Глава первая. Тридцать франков
— Тридцать франков, подумать только, — прошипел Жан Вальжан, опуская Мариуса на берег, —и какой чёрт погнал меня на эти баррикады? Читатель наверняка помнит, что события, описанные в предыдущей главе, вынудили Жана Вальжана расстаться именно с этой суммой. И о чём только думала Козетта, отправляя отца на поиски своего возлюбленного Мариуса? Ах, молодость, ты никогда не считаешь денег старшего поколения! Ты по неопытности ещё не знаешь, каким тяжким, подчас каторжным трудом достаётся каждая монета. Ты любишь наслаждения, но не задумываешься о том, какие за каждым платьем, пирожным или туфельками стоят титанические усилия. О, деньги! Сколько крови, пота и слёз пролито над этими невзрачными на первый взгляд кусочками металла. С каждым днём Козетта всё взрослела и взрослела. Она вырастала из старых платьев, и это недоразумение не всегда можно было исправить, вставляя куски ткани по бокам и пришивая полоску у подола. Подчас Жан Вальжан, скрепя сердце и пролив скупую слезу, вынужден был покупать ей обновку у тряпичницы. Про обувь страшно было даже вспоминать. Уже в первый год он с ужасом осознал, что детская ножка растёт до неприличия быстро. На третий год Козетта уже заметно хромала в своих крохотных башмачках. Жан Вальжан понял, что рано или поздно их придется заменить. К счастью, его вторая сущность, помнящая все уловки и трюки, нашла соломоново решение. Однажды солнечным летним утром Козетта нашла под подушкой пару отличных старых башмаков. Она, обливаясь слезами радости, долго пыталась выяснить у отца, кто же её так облагодетельствовал, а Жан Вальжан стоял, смущенно опустив взор на свои новые блестящие ботинки, и думал, как же сильно он любит это искреннее и чистое дитя, раз идёт на такие колоссальные жертвы ради неё. Но приходилось признать, что Козетта обходится ему слишком дорого. Два платья, отданные башмаки, эта появившаяся после монастыря доводящая до белого каления привычка подавать милостыню (впрочем, Жан Вальжан редко этому потакал), да ещё и обыкновение есть по крайней мере два раза в неделю. Случались минуты, когда он удивлялся, почему много лет назад устроил юную Козетту в монастырь, а не в работный дом. И вот теперь эти тридцать франков. Да за десять лет Жан Вальжан потратил на Козетту не больше двадцати! О, когда он вернётся в дом номер семь, что на улице Вооруженного человека, и заглянет в каморку под лестницей, то обязательно поговорит с Козеттой.

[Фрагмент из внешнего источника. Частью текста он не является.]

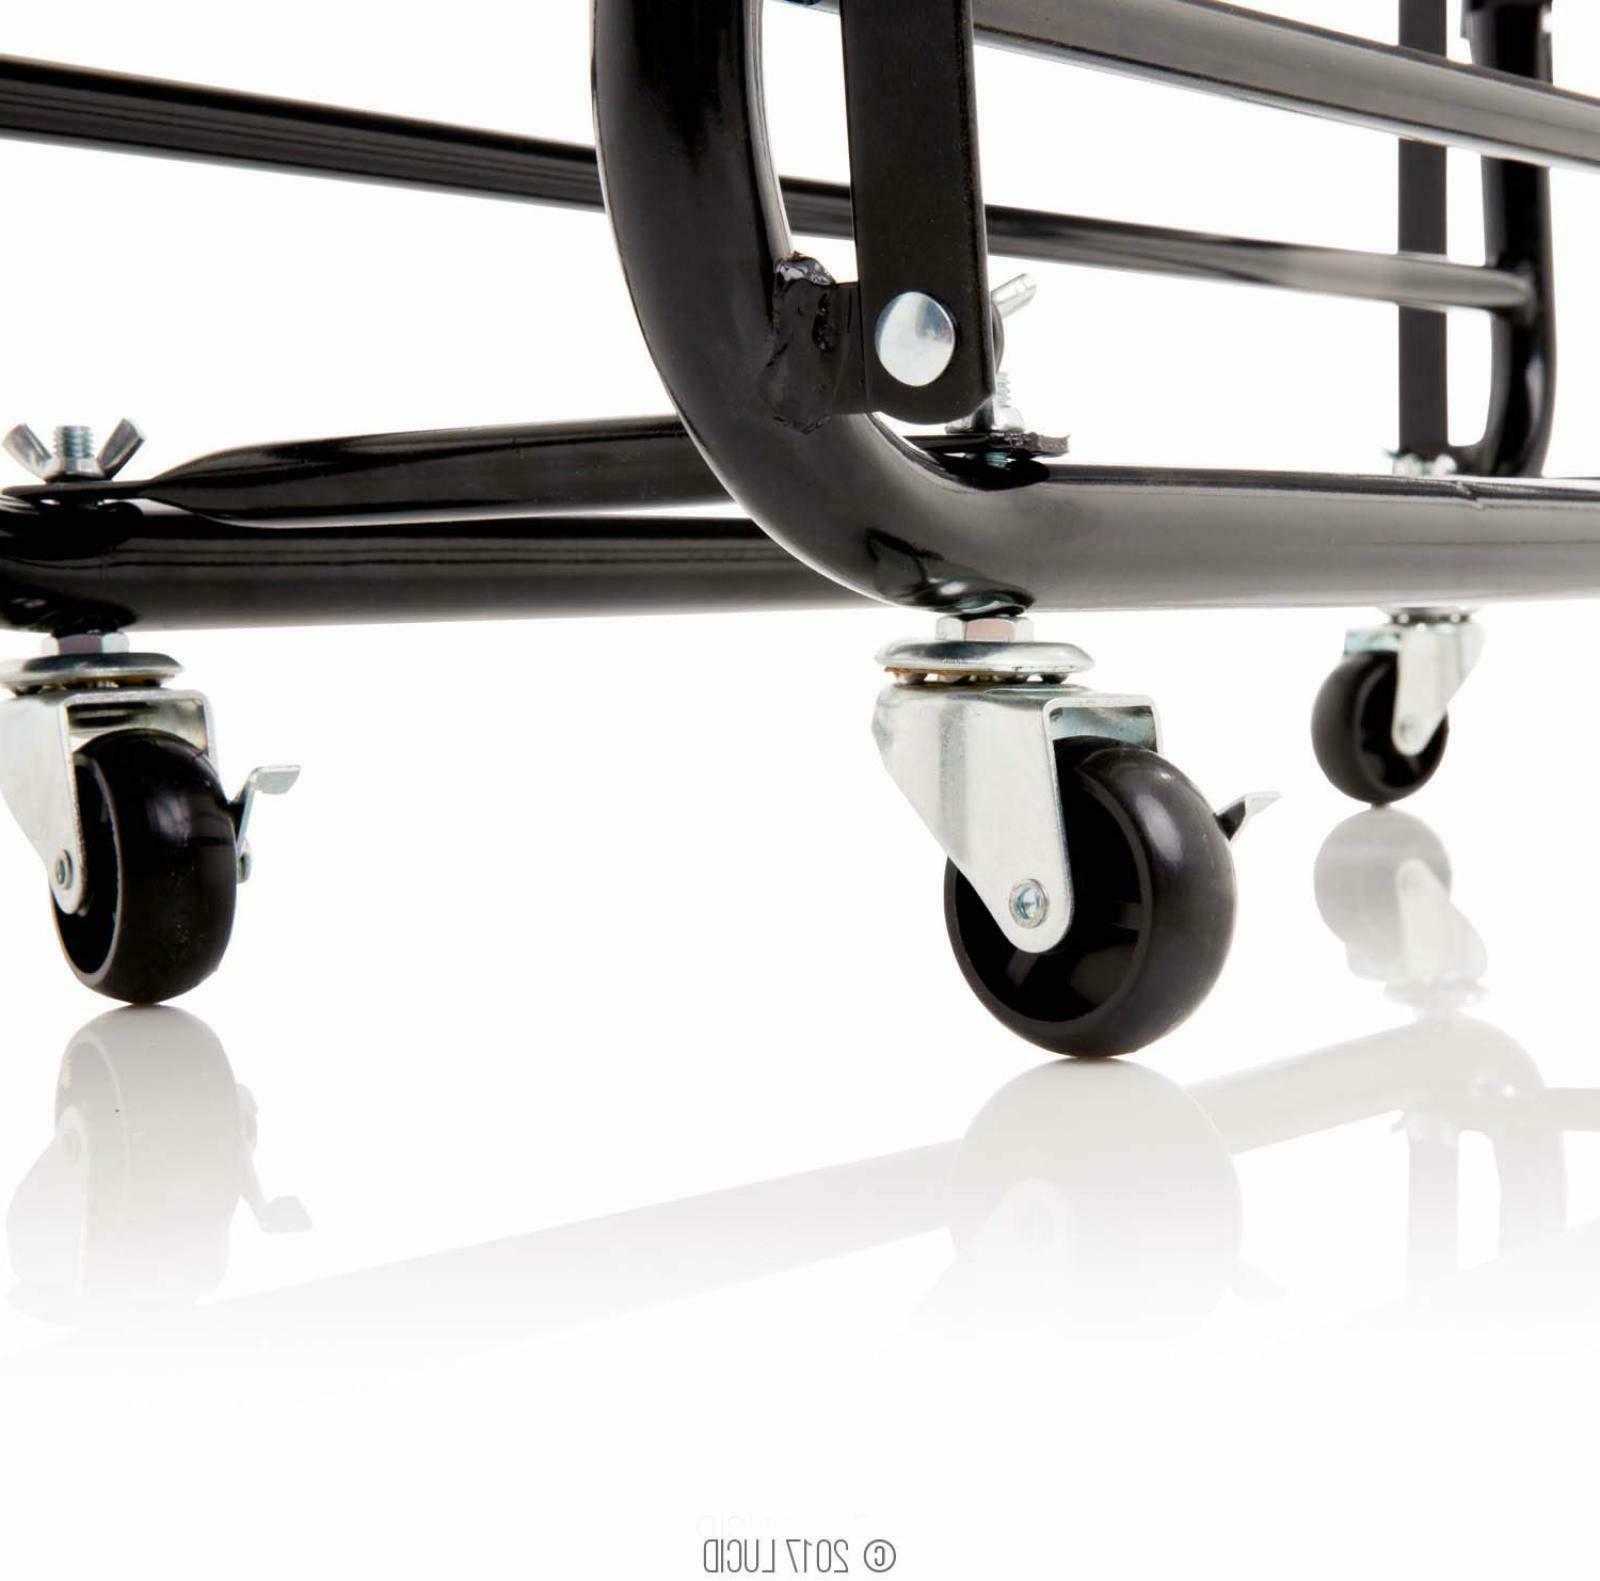 Twin XL Guest Bed Folding Memory Mattress Rolling Frame

Глава вторая. В которой тридцать франков играют на пользу Жана Вальжана
Внезапно Жан Вальжан почувствовал чей-то взгляд. Виктор Гюго утверждает, что уже описывал это ощущение в одной из предыдущих глав. Жан Вальжан обернулся и узнал Жавера. Только один человек, кроме Козетты, мог носить один и тот же редингот двадцать лет. — Кто вы такой? — грозно вопросил инспектор. — А вы как думаете? — Я думаю, вы Жан Вальжан. — Господин инспектор, я вас уже лет двадцать знаю, вы про всех так думаете, — пробормотал Жан Вальжан. Инспектор в замешательстве опустил глаза и обнаружил несчастного Мариуса, всё ещё не пришедшего в чувства. Жавер нагнулся и схватил его за руку, стараясь нащупать пульс. — Он умер. — Он ранен, — возразил Жан Вальжан. — Я разбираюсь в таких вещах, — упорствовал инспектор. — Вы щупаете пульс поверх рукава, — вздохнул бывший каторжник. Жавер сделал вид, что не расслышал. Нельзя обращать внимание на то, что может зародить сомнения в собственной правоте. — Господин инспектор, как я уже говорил, я полностью в вашей власти, но позвольте последнюю просьбу… — Трупы проносить в камеру строго запрещено, — решительно оборвал его Жавер. Для господина инспектора все предметы делились на две категории: то, что можно проносить в камеру, и то, что нельзя. Как уже догадался читатель, второй список был гораздо длиннее. — Господин инспектор, я обещал доставить этого человека домой. Он и так уже обошелся мне в тридцать франков! После этого я ваш. Жавер хмуро посмотрел на него, а потом кивнул. Последнее желание — это законно. Тем более, что человек, пусть и каторжник, уже потратил тридцать франков. — Извозчик!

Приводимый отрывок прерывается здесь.